DATA BELOW Start Marker

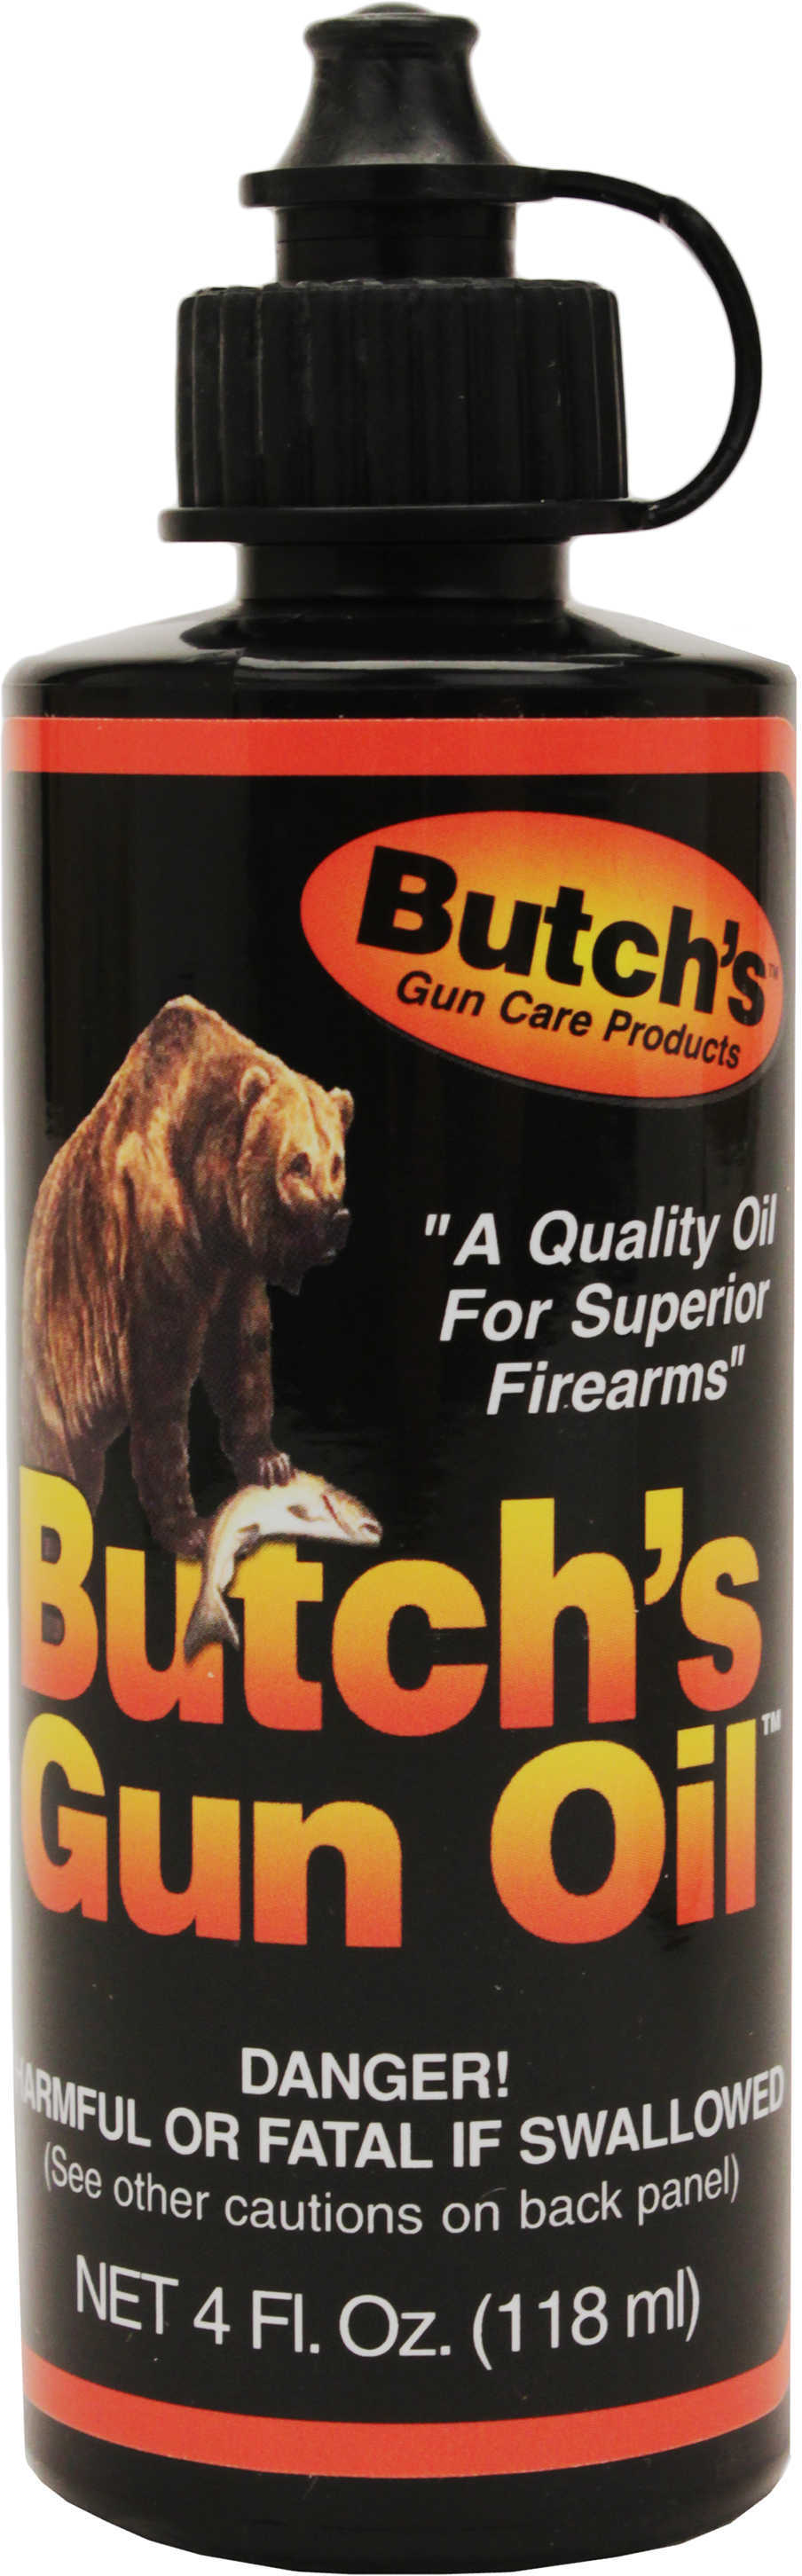 Lyman Butch's Gun Oil - 4 Oz. U.S. Military proven Formula - WithstAnds The intense Heat, Friction And pressures Produce
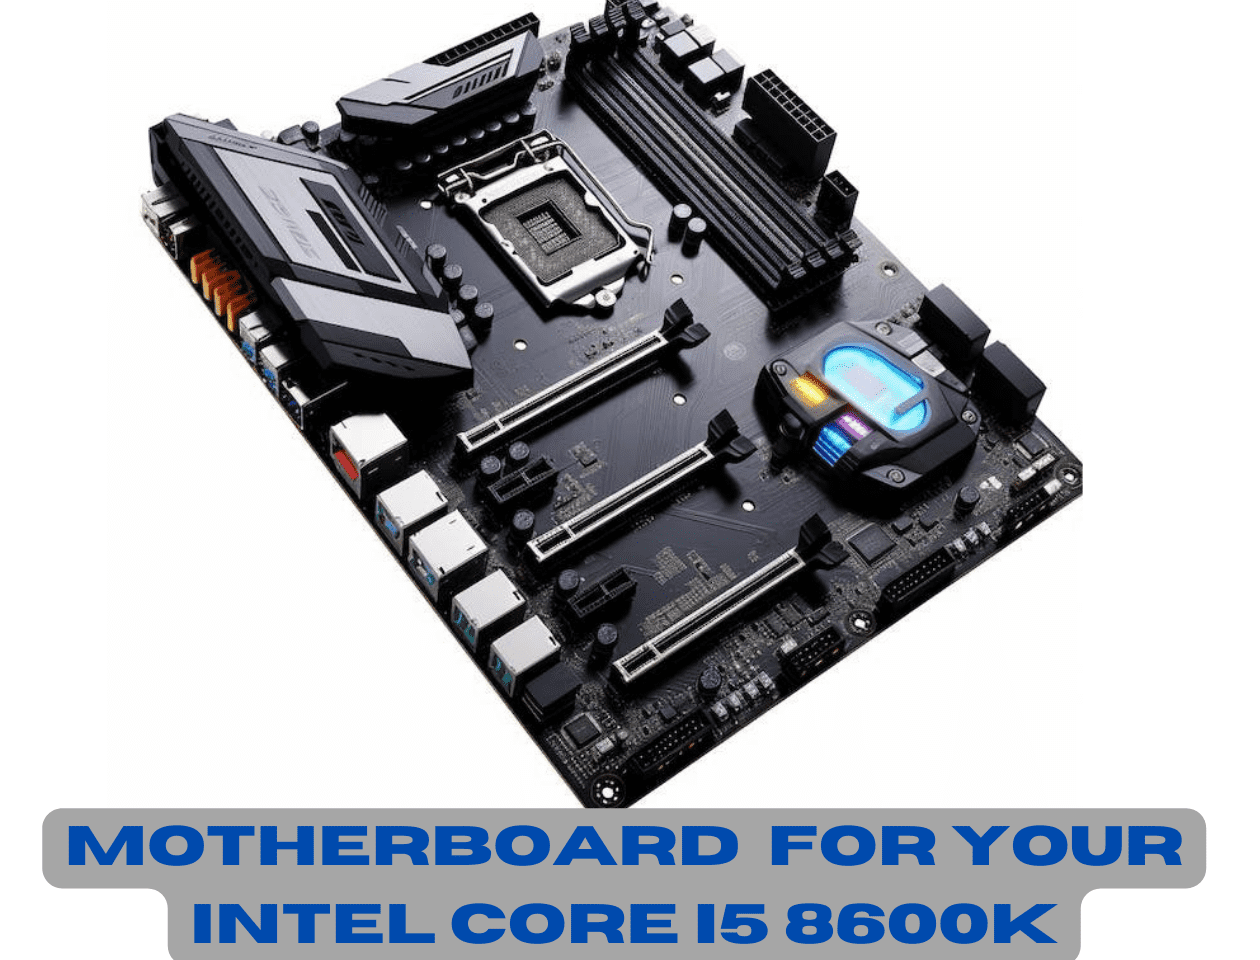 Ideal For Your Intel Corei5 8600K
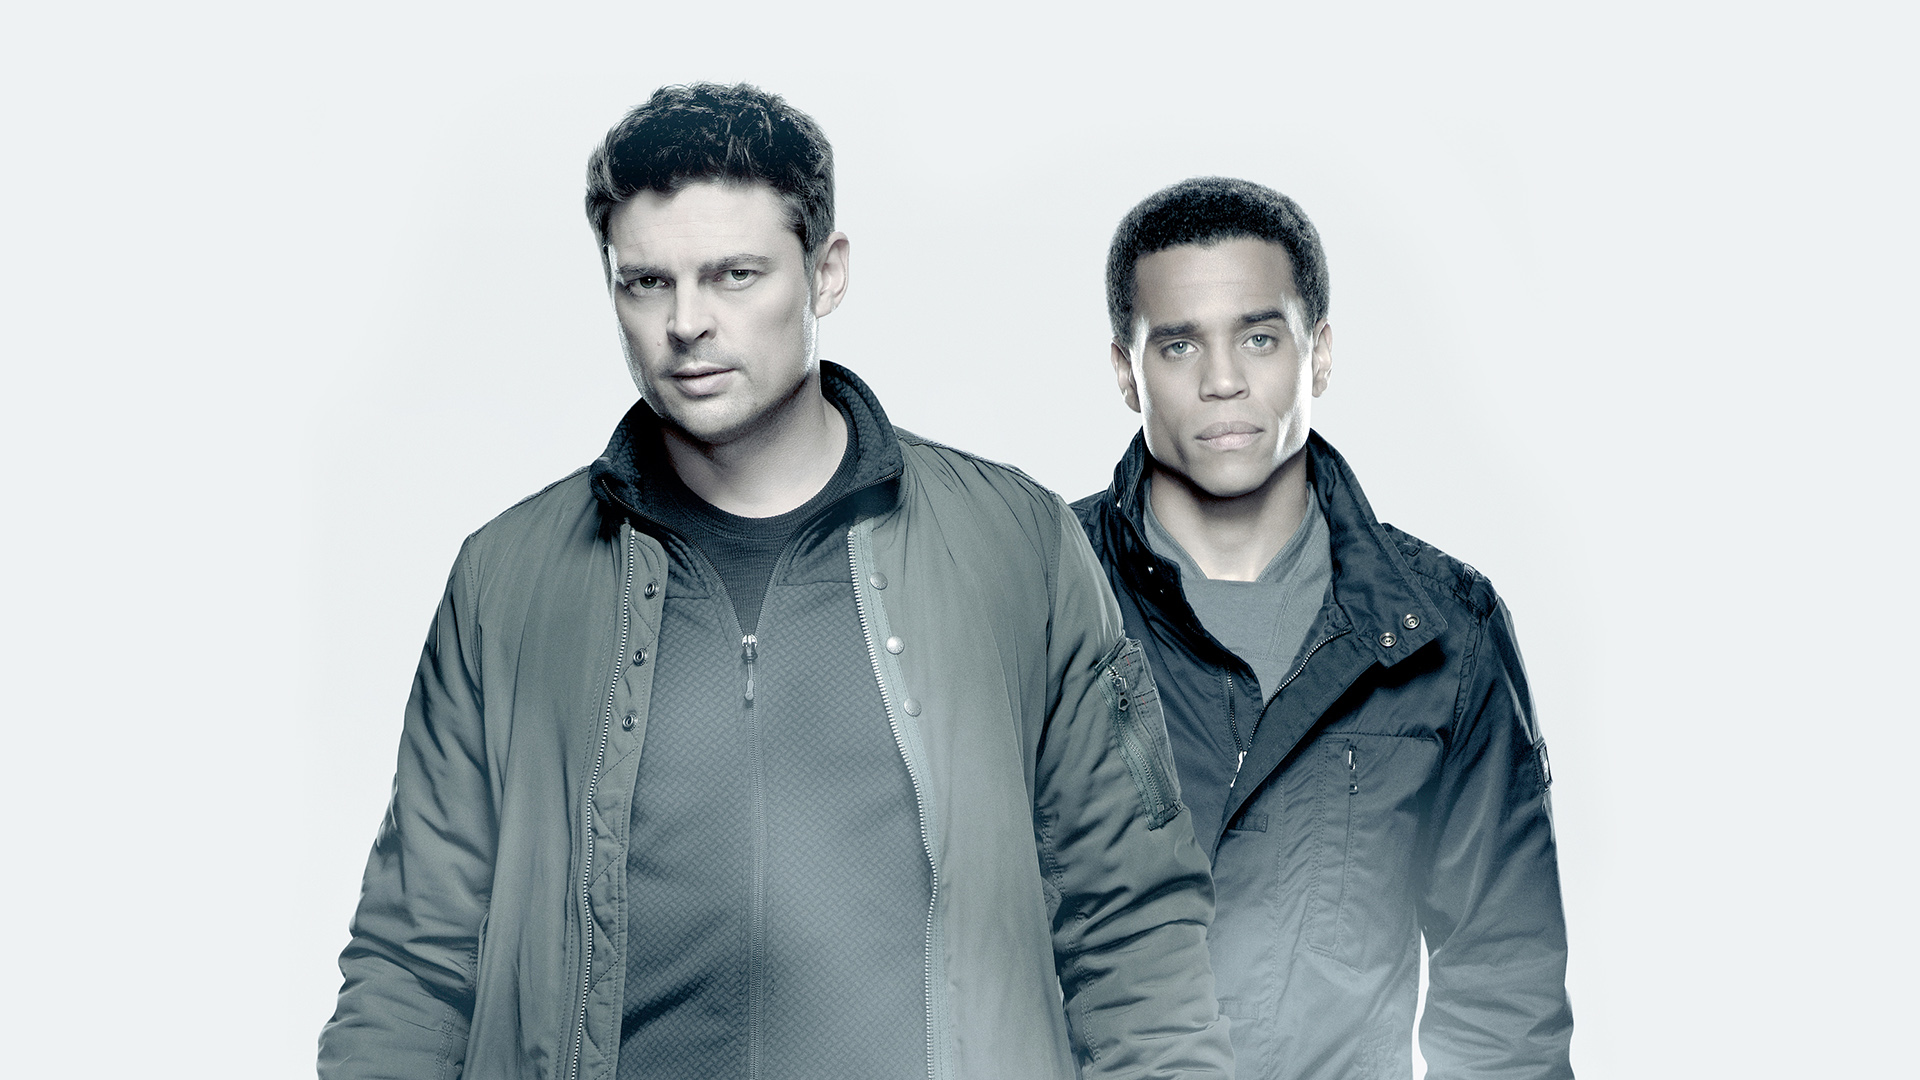 TV Show Almost Human 1920x1080

DATA BELOW End Marker

**DIRECTIONS**
One exact copy of the data is required, and it should hold no pictures.

**OUTPUT OF THE TASK**
 Lyman Butch's Gun Oil - 4 Oz. U.S. Military proven Formula - WithstAnds The intense Heat, Friction And pressures Produce
 Ideal For Your Intel Corei5 8600K
 TV Show Almost Human 1920x1080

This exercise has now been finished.